Given the ubiquity of matrices in both abstract and applied mathematics, a rich vocabulary has been developed for describing various properties and features of matrices. In addition, there is also a rich set of equivalent notations. For the purposes of these notes, we will use the above notation unless the size of the matrix is understood from context or is unimportant. In this case, we will drop much of this notation and denote a matrix simply as

\[ A = (a_{i j}) \mbox{ or } A = (a_{i j})_{m \times n}. \]

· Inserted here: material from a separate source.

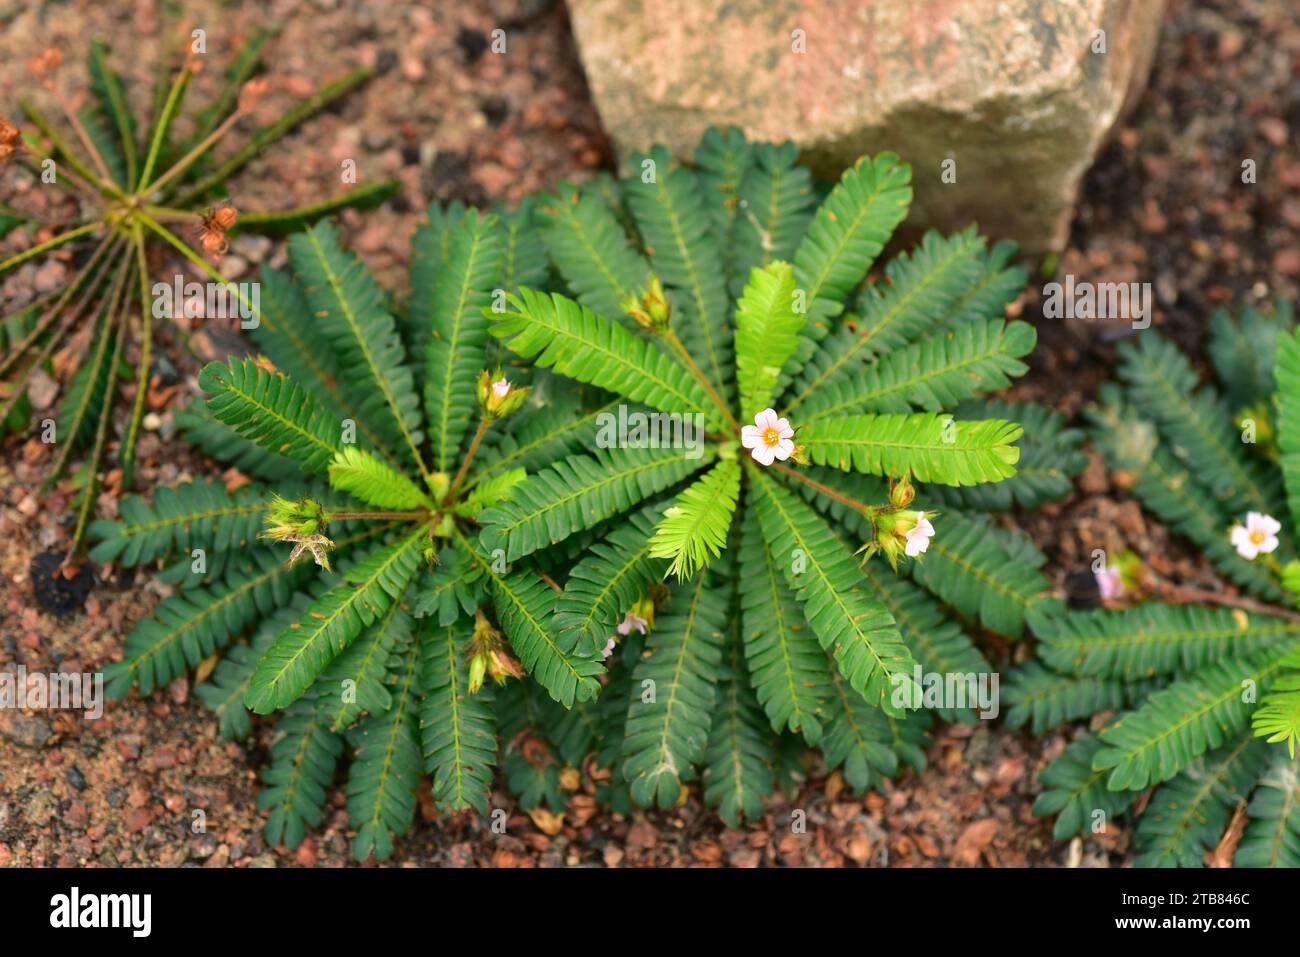 Le petit arbre (Biophytum sensitivum) est une plante médicinale originaire de l'Asie du sud-est. Banque D'Images

To get a sense of the essential vocabulary, suppose that we have an \(m \times n\) matrix \(A = (a_{i j})\) with \(m = n\). Then we call \(A\) a **square** matrix. The elements \(a_{1 1}, a_{2 2}, \ldots, a_{n n}\) in a square matrix form the **main diagonal** of \(A\), and the elements \(a_{1 n}, a_{2, n-1}, \ldots, a_{n 1}\) form what is sometimes called the **skew main diagonal** of \(A\). Entries not on the main diagonal are also often called **off-diagonal** entries, and a matrix whose off-diagonal entries are all zero is called a **diagonal matrix**. It is common to call \(a_{1 2}, a_{2 3}, \ldots, a_{n-1,n}\) the **superdiagonal** of \(A\) and \(a_{2 1}, a_{3 2}, \ldots, a_{n,n-1}\) the **subdiagonal** of \(A\). The motivation for this terminology should be clear if you create a sample square matrix and trace the entries within these particular subsequences of the matrix.

Square matrices are important because they are fundamental to applications of Linear Algebra. In particular, virtually every use of Linear Algebra either involves square matrices directly or employs them in some indirect manner. In addition, virtually every usage also involves the notion of **vector**, where here we mean either an \(m \times 1\) matrix (a.k.a.~a **column vector**) or a \(1 \times n\) matrix (a.k.a. a **row vector**).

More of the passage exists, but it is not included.